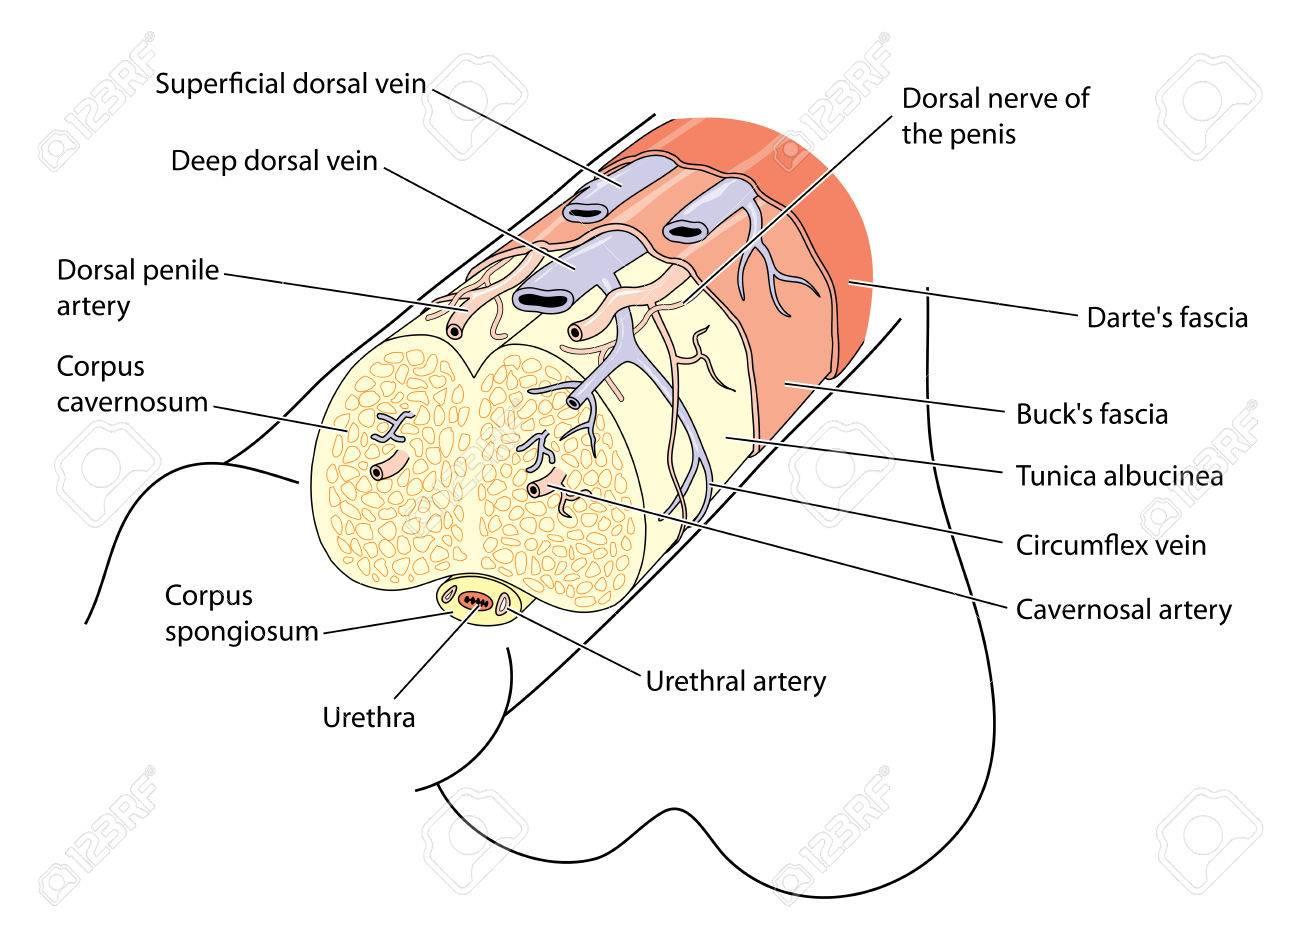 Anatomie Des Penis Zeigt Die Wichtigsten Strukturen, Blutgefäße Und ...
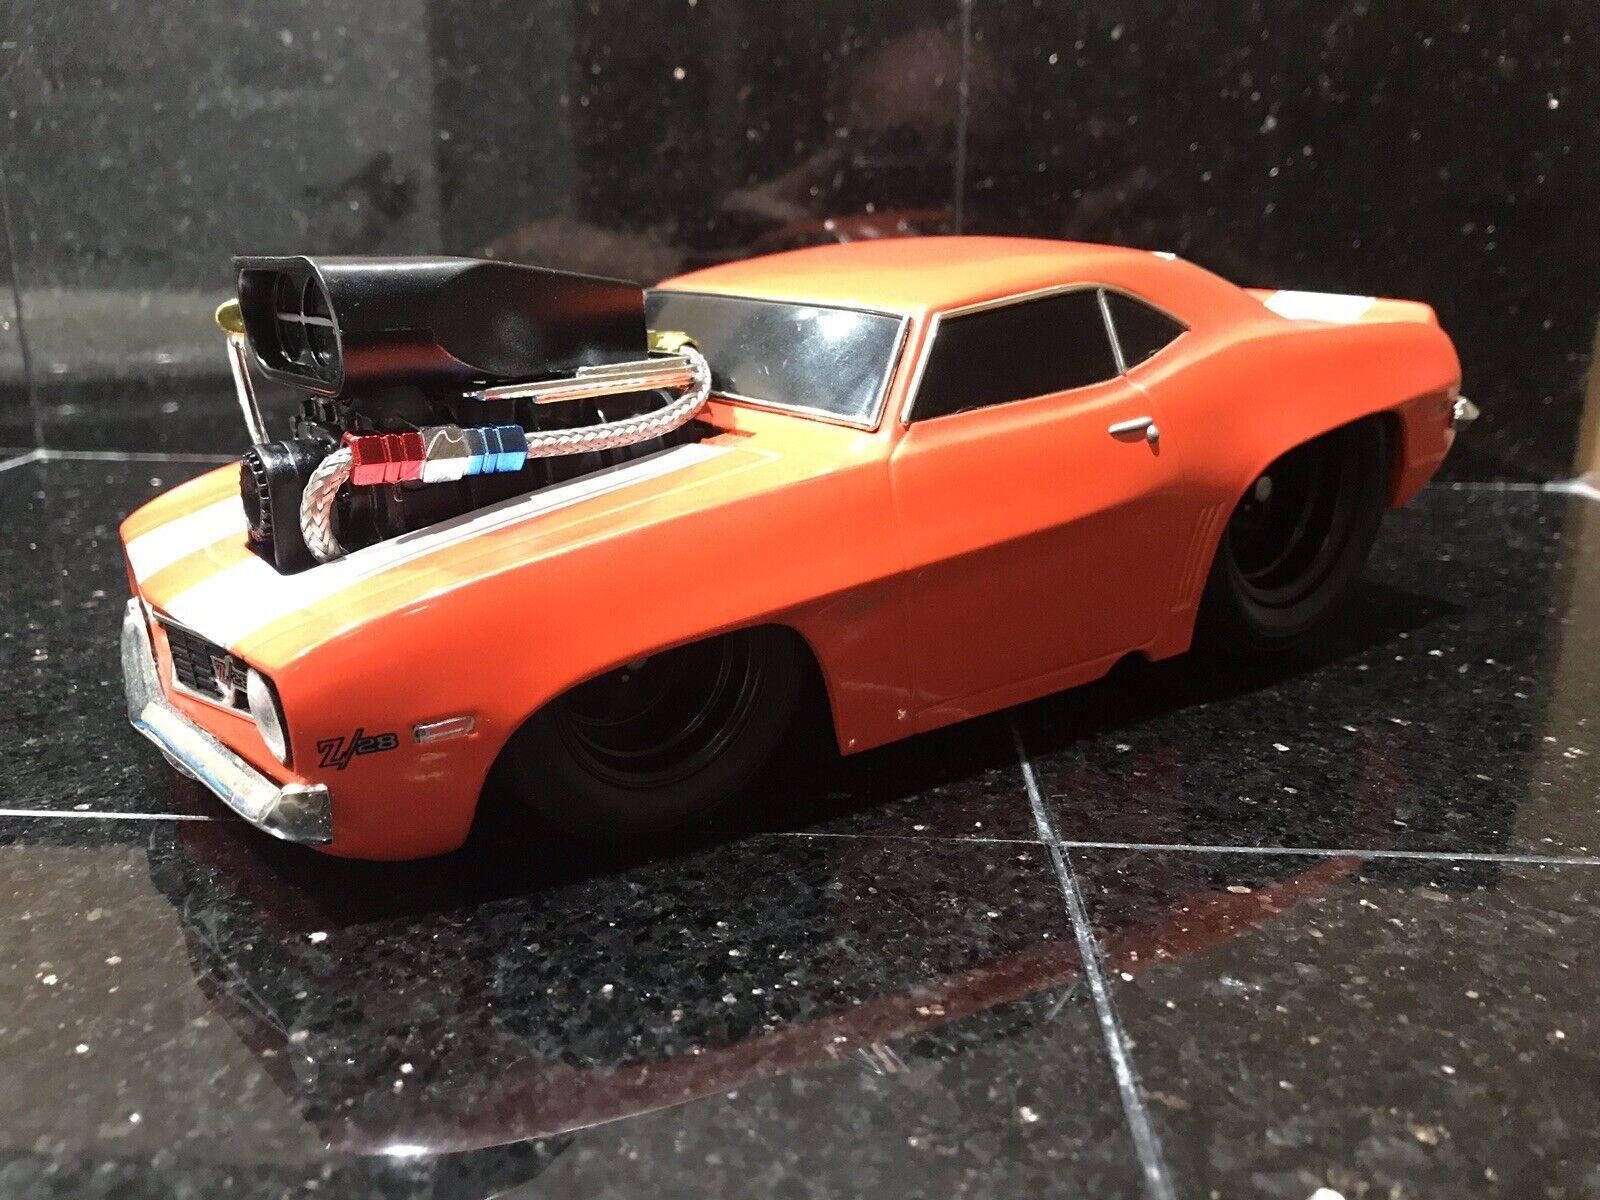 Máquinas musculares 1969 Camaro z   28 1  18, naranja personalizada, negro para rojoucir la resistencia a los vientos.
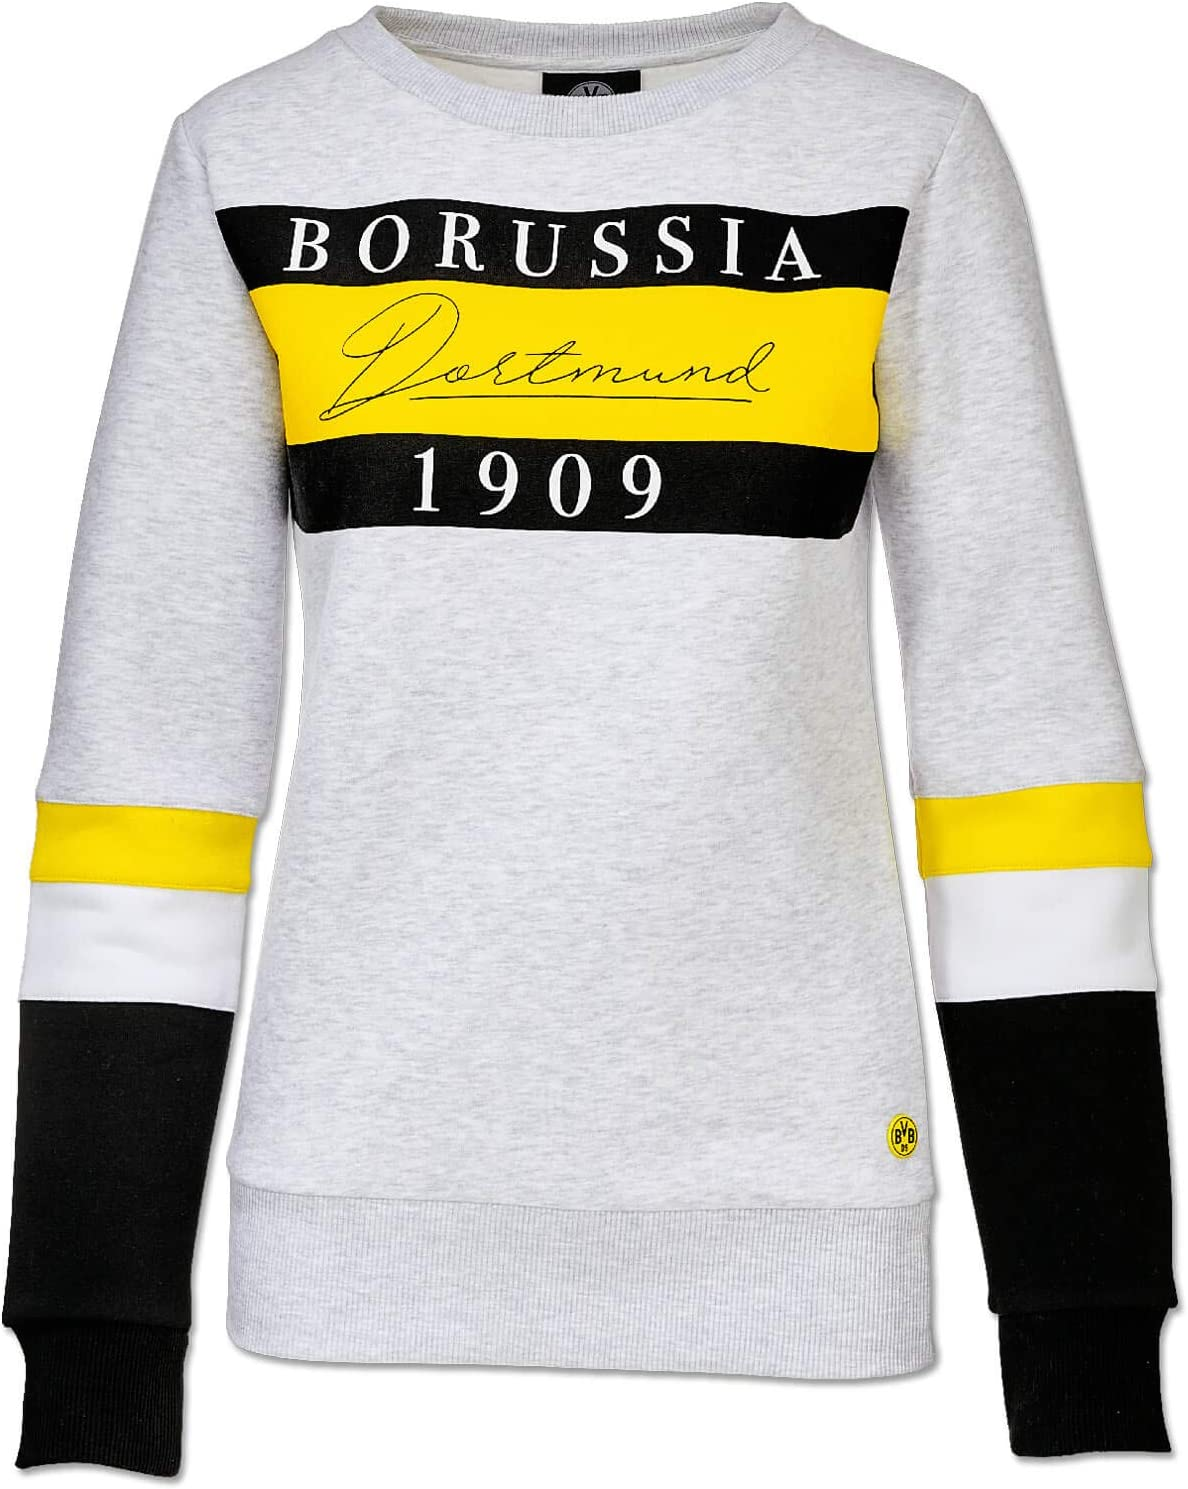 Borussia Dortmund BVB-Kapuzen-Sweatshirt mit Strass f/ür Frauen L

**REQUIRED WORK**
Quote the data exactly, leaving every image out of the copy.

**ANSWER TO THIS PROBLEM**
 Anatomie Des Penis Zeigt Die Wichtigsten Strukturen, Blutgefäße Und ...
 Máquinas musculares 1969 Camaro z   28 1  18, naranja personalizada, negro para rojoucir la resistencia a los vientos.
 Borussia Dortmund BVB-Kapuzen-Sweatshirt mit Strass f/ür Frauen L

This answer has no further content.